■ EXERCISE OBJECTIVE
Write out, from the entries below, exactly the lines that run between the lines holding "Aquaな露天風呂Vol.536 露天風呂 |" and "Zweinander-LeonoreHerzog-WeddingMarket-OnTour20191110-8879", inclusive, and stop there.

■ STUDY MATERIAL

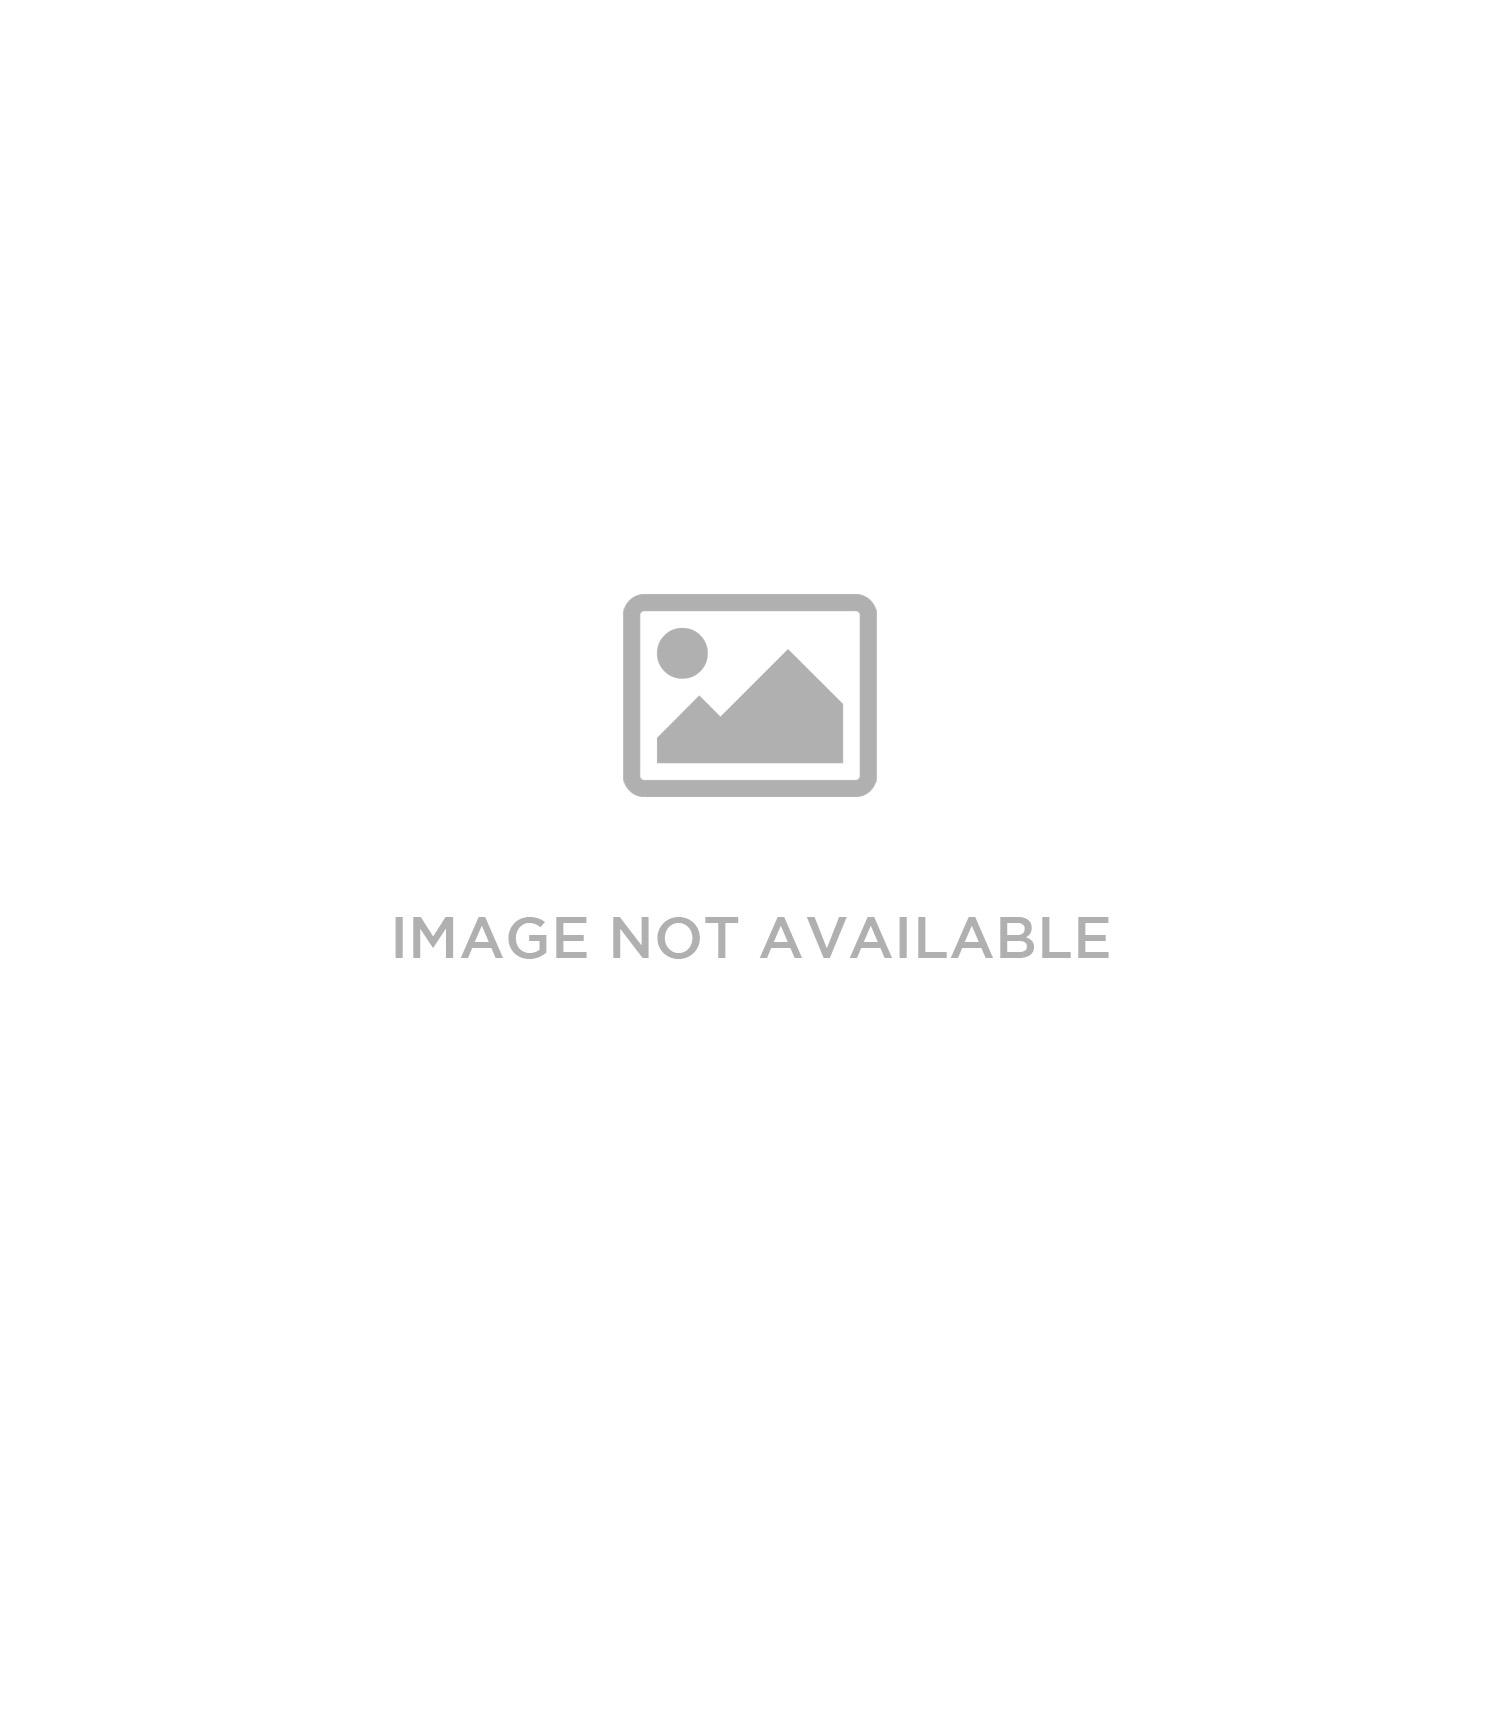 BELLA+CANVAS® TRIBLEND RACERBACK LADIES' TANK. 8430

...

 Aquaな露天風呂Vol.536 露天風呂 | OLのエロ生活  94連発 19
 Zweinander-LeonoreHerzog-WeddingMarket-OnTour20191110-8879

■ EXERCISE OUTPUT
 Aquaな露天風呂Vol.536 露天風呂 | OLのエロ生活  94連発 19
 Zweinander-LeonoreHerzog-WeddingMarket-OnTour20191110-8879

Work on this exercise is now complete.